Subtopic	Core question	Formula
Chain rule derivation	no independence assumption is needed	$P(t_{1:n})=P(t_1)\prod_{i=2}^n P(t_i\mid t_{1:i-1})$
Teacher forcing	training conditions on the true prefix, not sampled model history	$-\log p_\theta(t_i^\star\mid t_{<i}^\star)$
Causal masking	attention must not leak future targets into the conditional	$M_{ij}=0$ for $j\le i$ and $-\infty$ otherwise
Sequence log probability	products become sums for stable scoring	$\log P(t_{1:n})=\sum_i \log p_\theta(t_i\mid t_{<i})$
Prefix scoring	prompt likelihood and answer likelihood are different objects	$\log p_\theta(y\mid x)=\sum_j \log p_\theta(y_j\mid x,y_{<j})$

2.1 Chain rule derivation

Main idea.

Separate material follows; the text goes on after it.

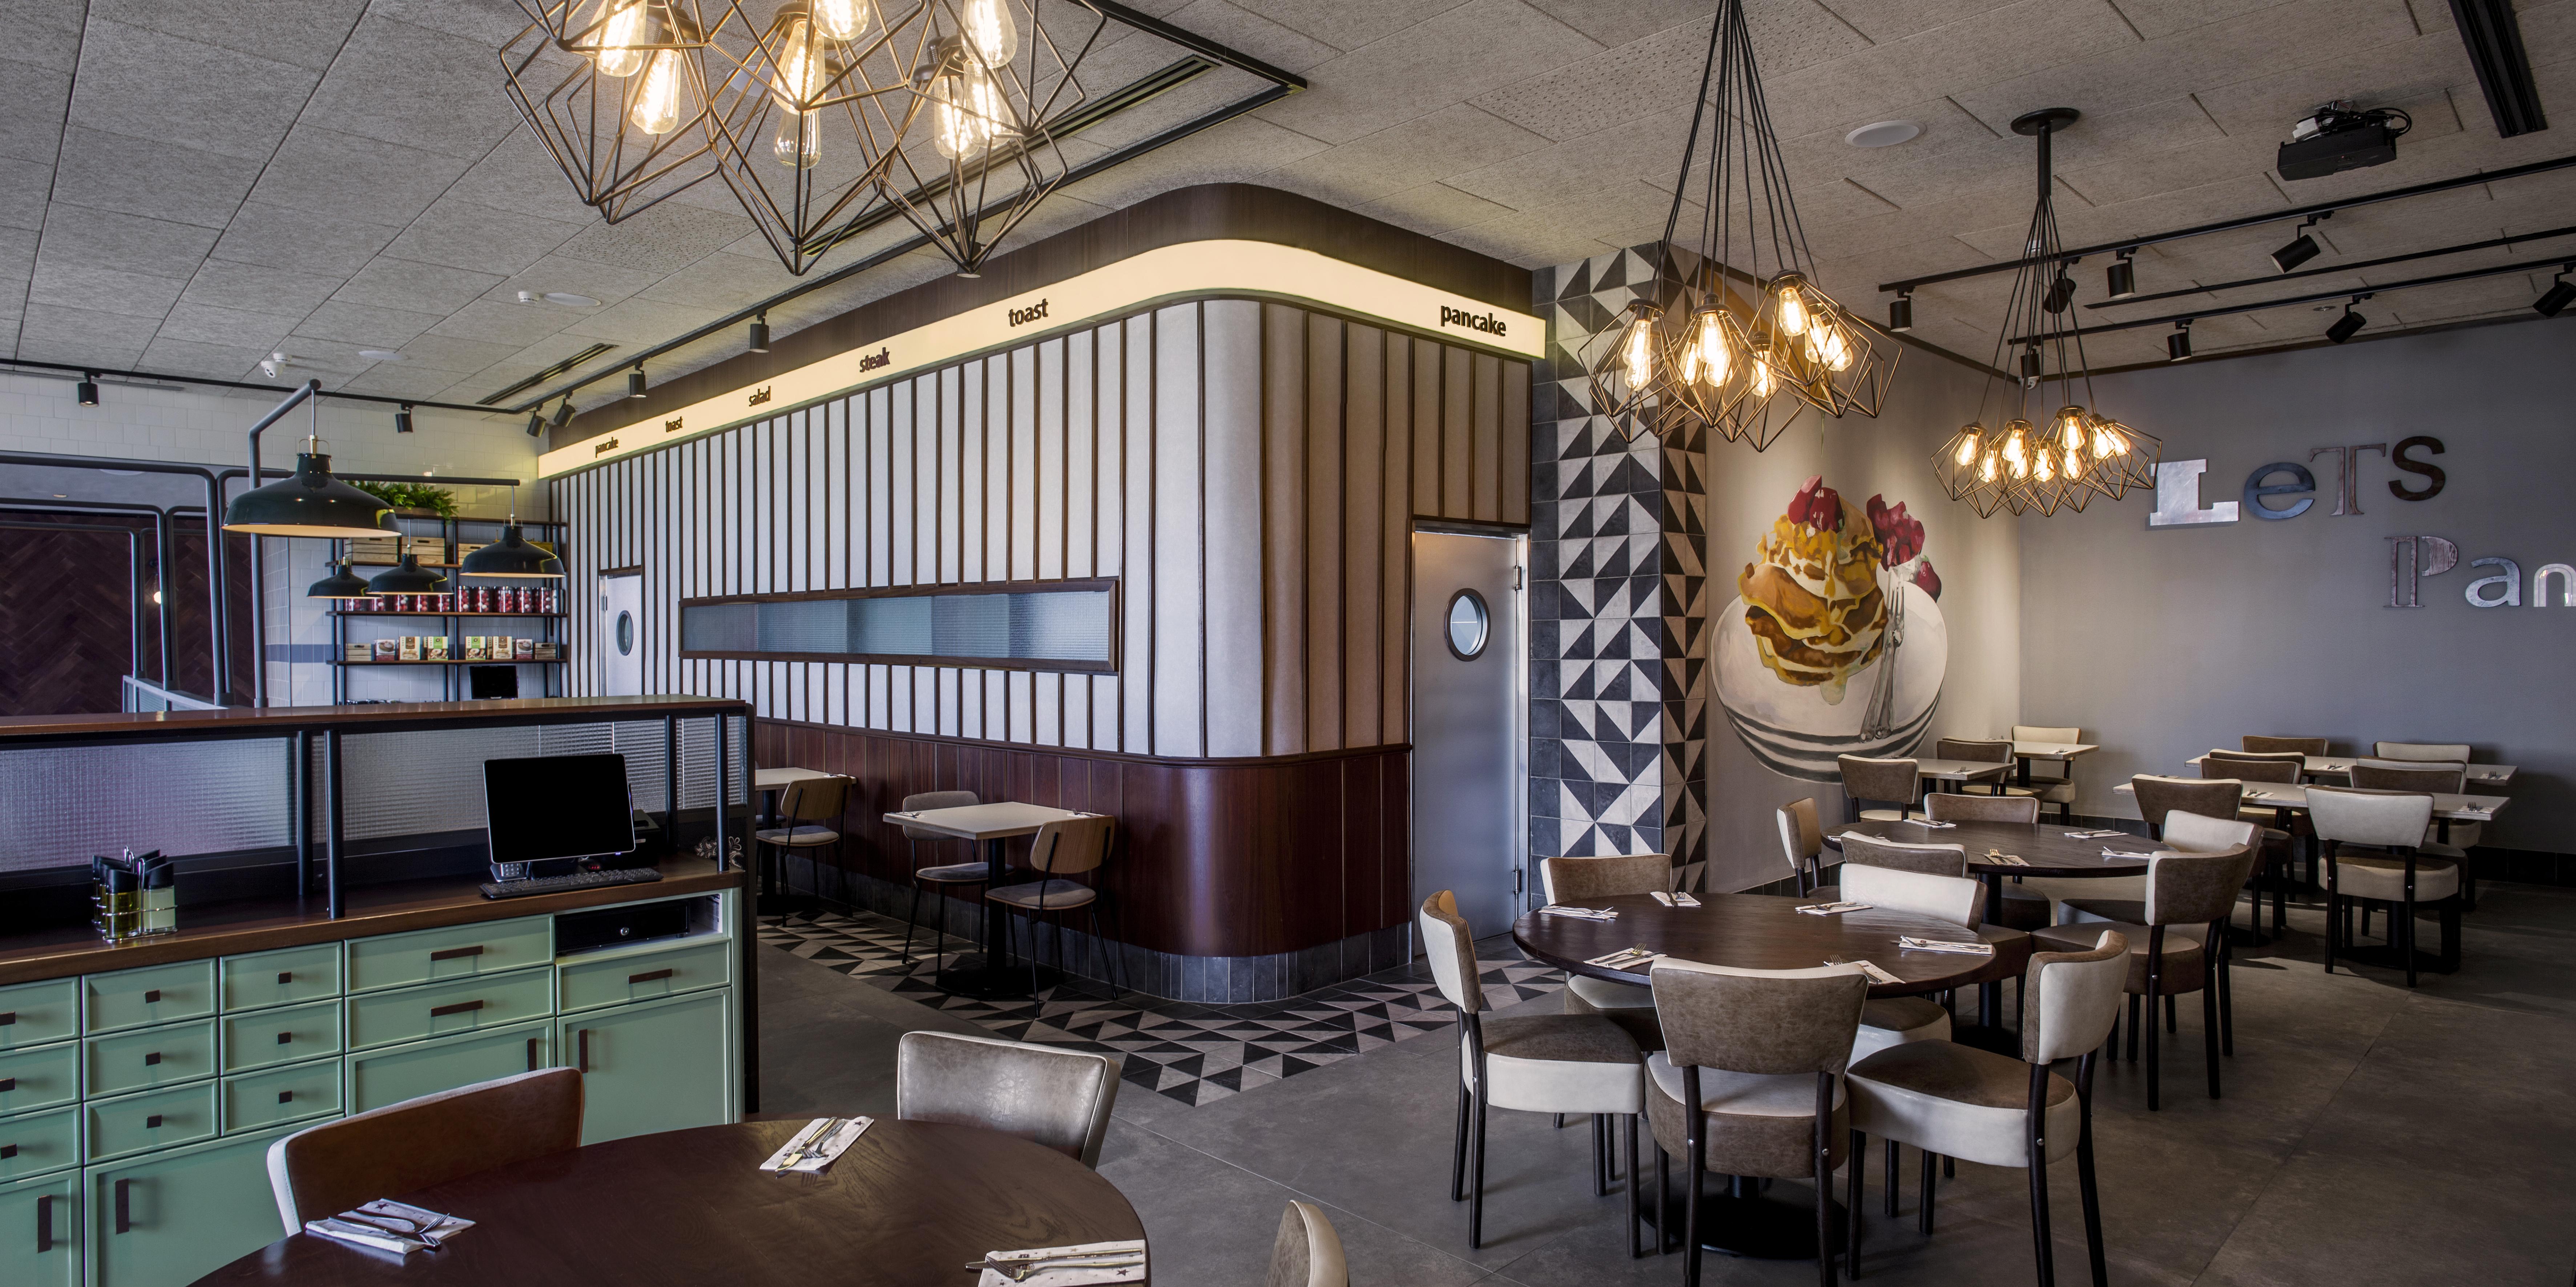 indoor diner

No independence assumption is needed.

The useful formula is:

P(t_{1:n})=P(t_1)\prod_{i=2}^n P(t_i\mid t_{1:i-1})

p_1 = \frac{e^{5.0}}{e^{5.0}+e^{1.0}+e^{-2.0}}.

The model is not storing a sentence list. It is using a conditional distribution whose parameters are generated from the prefix representation.

AI connection. For LLMs, this is not decoration; it controls a concrete training, scoring, or decoding behavior.

2.2 Teacher forcing

Main idea. Training conditions on the true prefix, not sampled model history.

The useful formula is:

-\log p_\theta(t_i^\star\mid t_{<i}^\star)

p_1 = \frac{e^{5.0}}{e^{5.0}+e^{1.0}+e^{-2.0}}.

The model is not storing a sentence list. It is using a conditional distribution whose parameters are generated from the prefix representation.

AI connection. This is why training can be massively parallel while generation is sequential.

2.3 Causal masking

Main idea. Attention must not leak future targets into the conditional.

The useful formula is:

M_{ij}=0$ for $j\le i$ and $-\infty$ otherwise

p_1 = \frac{e^{5.0}}{e^{5.0}+e^{1.0}+e^{-2.0}}.

The model is not storing a sentence list. It is using a conditional distribution whose parameters are generated from the prefix representation.

AI connection. For LLMs, this is not decoration; it controls a concrete training, scoring, or decoding behavior.

2.4 Sequence log probability

Main idea. Products become sums for stable scoring.

The useful formula is:

\log P(t_{1:n})=\sum_i \log p_\theta(t_i\mid t_{<i})

p_1 = \frac{e^{5.0}}{e^{5.0}+e^{1.0}+e^{-2.0}}.

The model is not storing a sentence list. It is using a conditional distribution whose parameters are generated from the prefix representation.

AI connection. For LLMs, this is not decoration; it controls a concrete training, scoring, or decoding behavior.

2.5 Prefix scoring

Main idea. Prompt likelihood and answer likelihood are different objects.

The useful formula is:

\log p_\theta(y\mid x)=\sum_j \log p_\theta(y_j\mid x,y_{<j})

p_1 = \frac{e^{5.0}}{e^{5.0}+e^{1.0}+e^{-2.0}}.

The model is not storing a sentence list. It is using a conditional distribution whose parameters are generated from the prefix representation.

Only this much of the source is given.